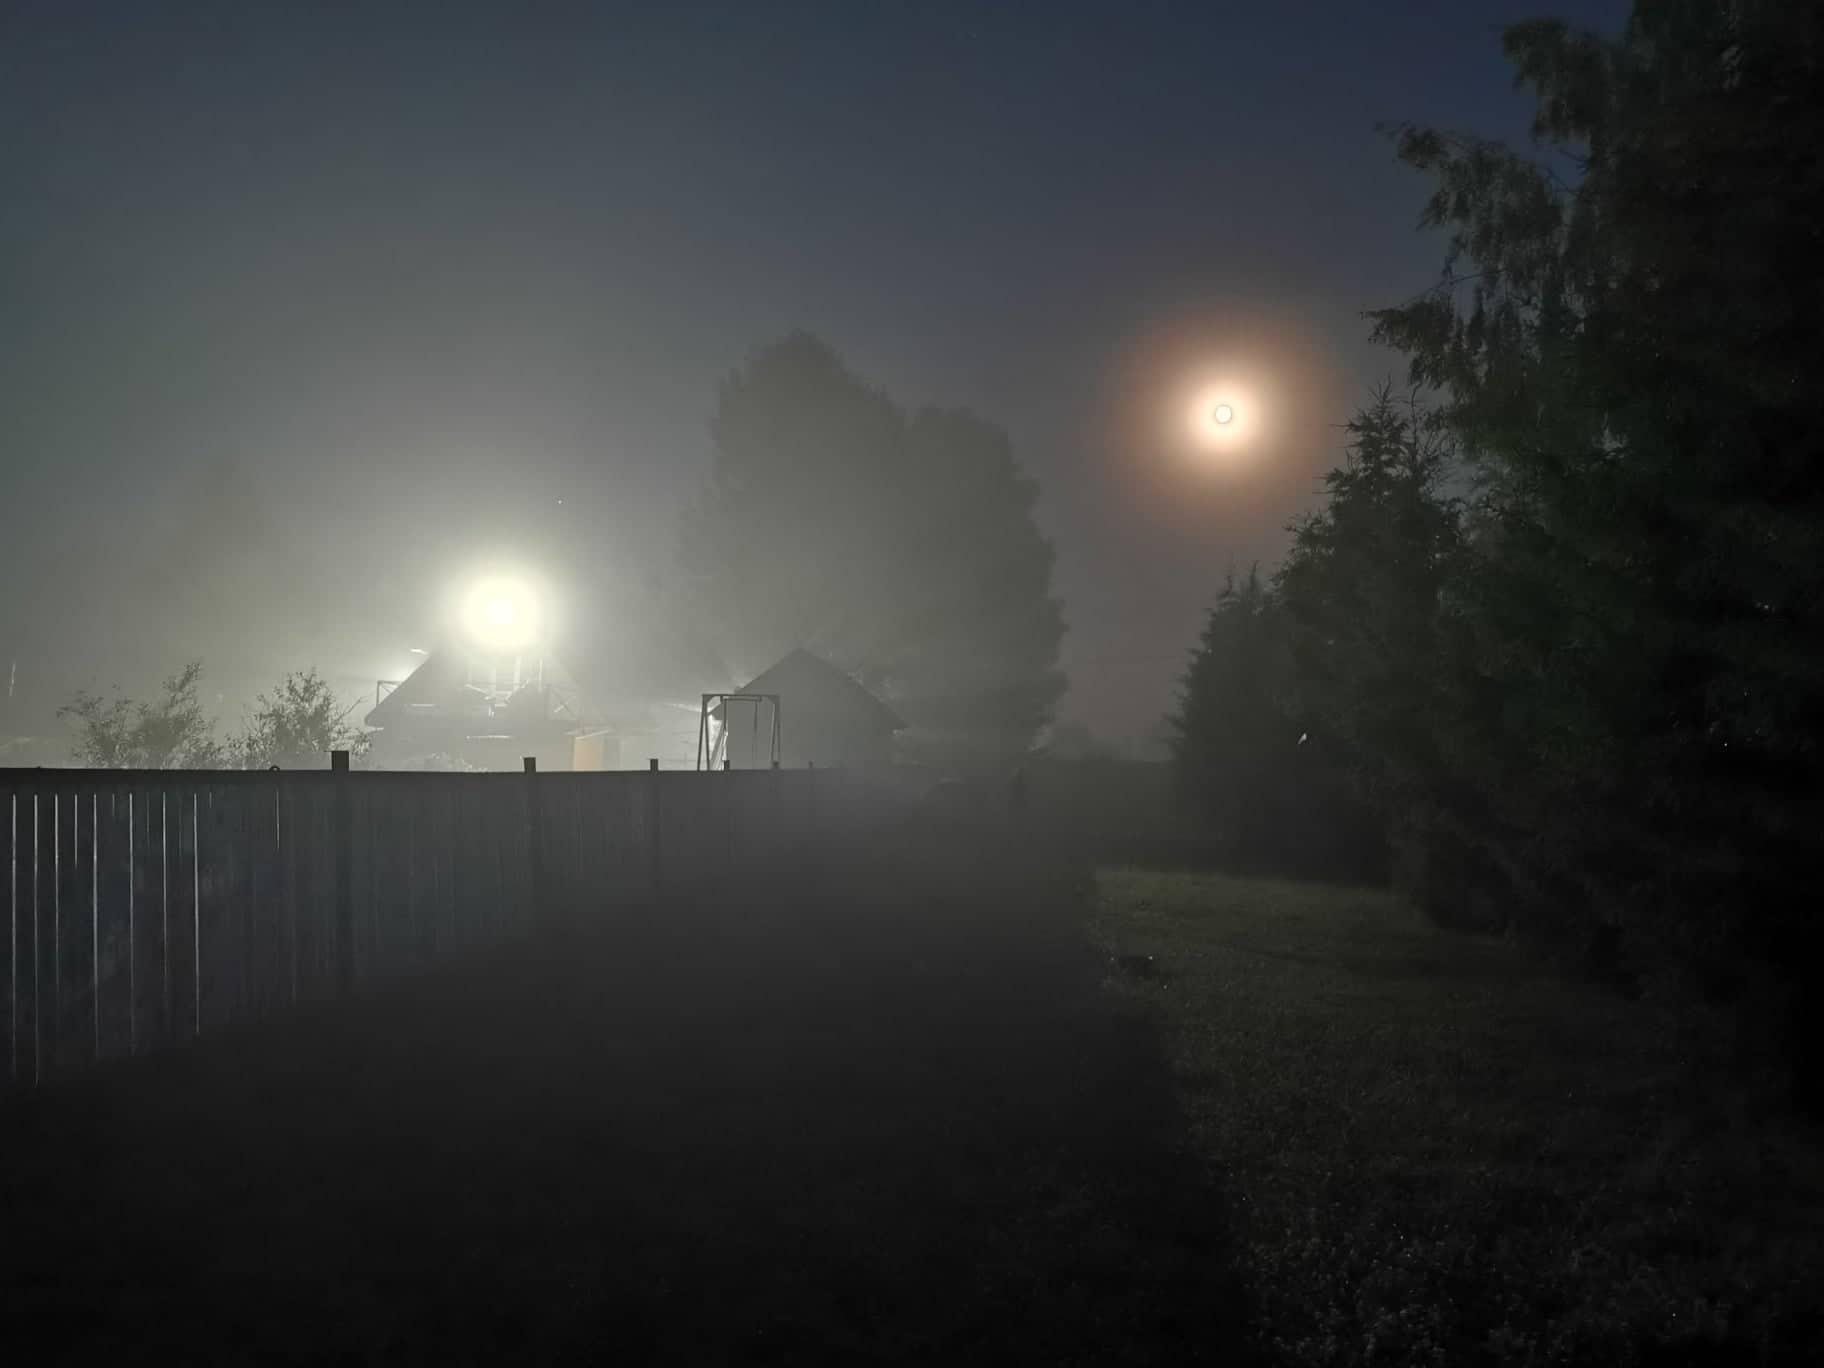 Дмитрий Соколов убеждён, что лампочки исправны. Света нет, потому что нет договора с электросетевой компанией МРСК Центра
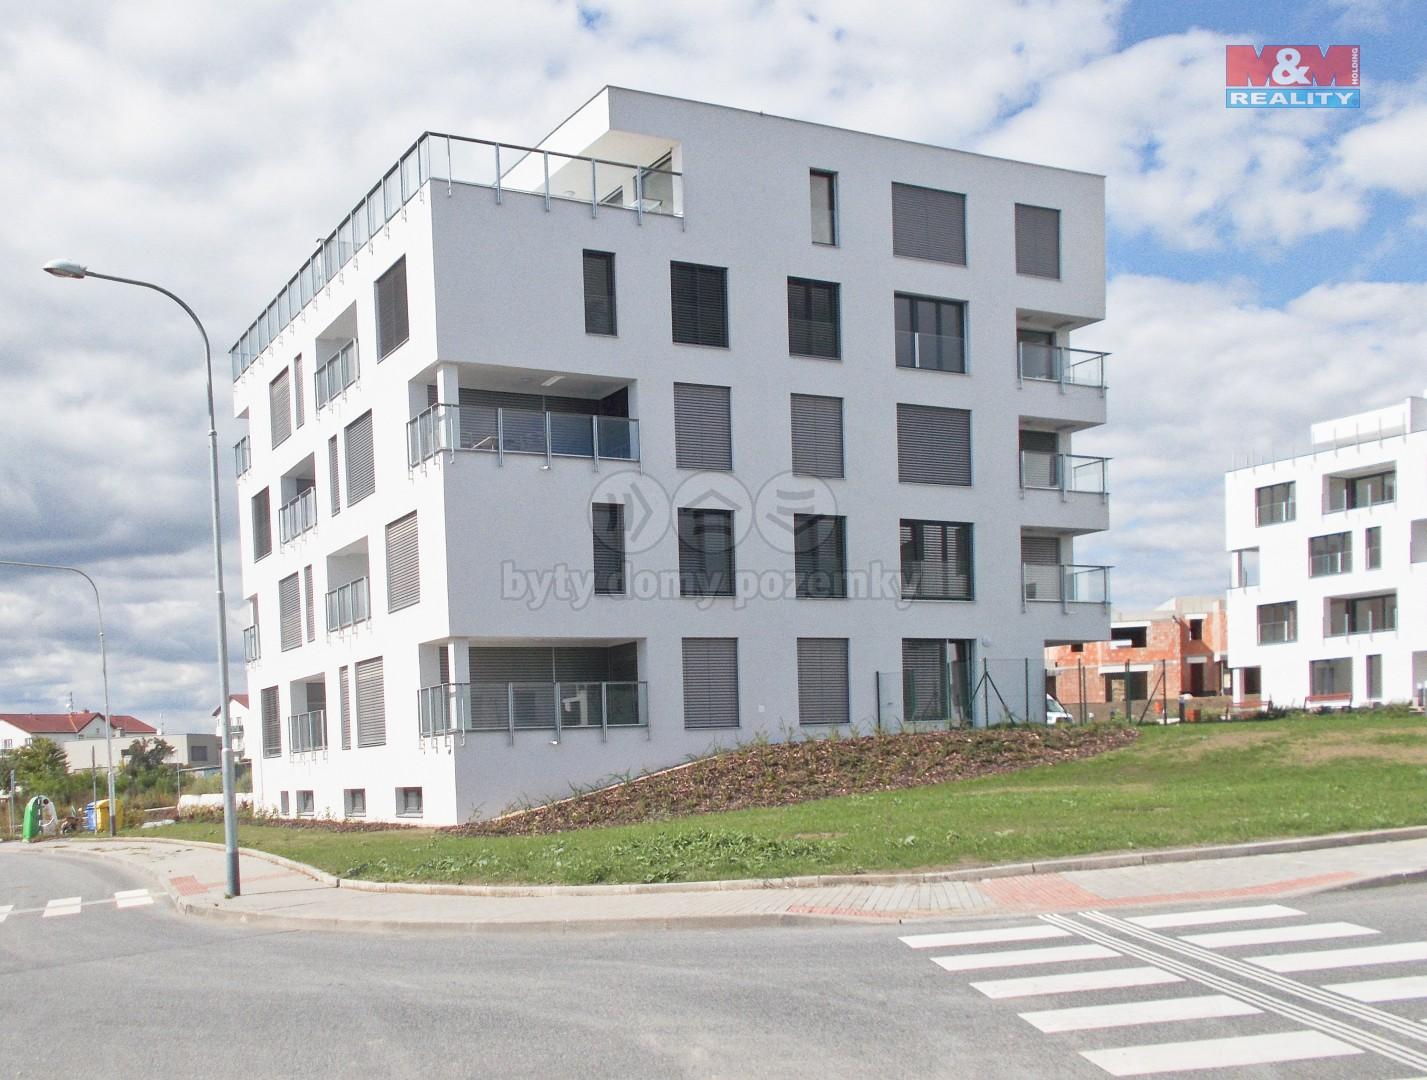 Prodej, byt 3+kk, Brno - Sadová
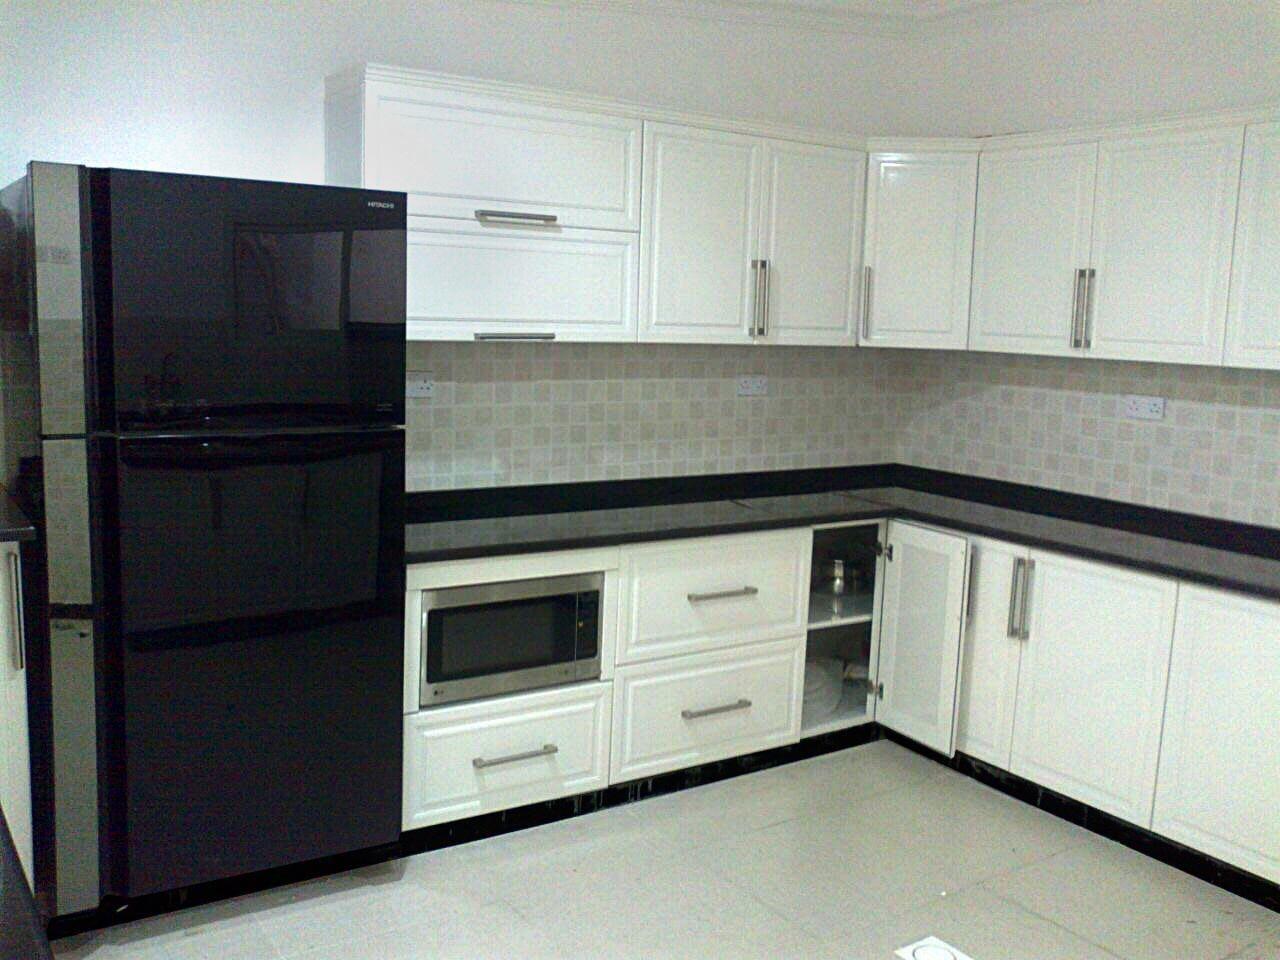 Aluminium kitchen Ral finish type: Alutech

**Your goal:**
The whole listing must be transcribed exactly. No pictures belong in the copy.

**Solution for this task:**
 Дмитрий Соколов убеждён, что лампочки исправны. Света нет, потому что нет договора с электросетевой компанией МРСК Центра
 Prodej, byt 3+kk, Brno - Sadová
 Aluminium kitchen Ral finish type: Alutech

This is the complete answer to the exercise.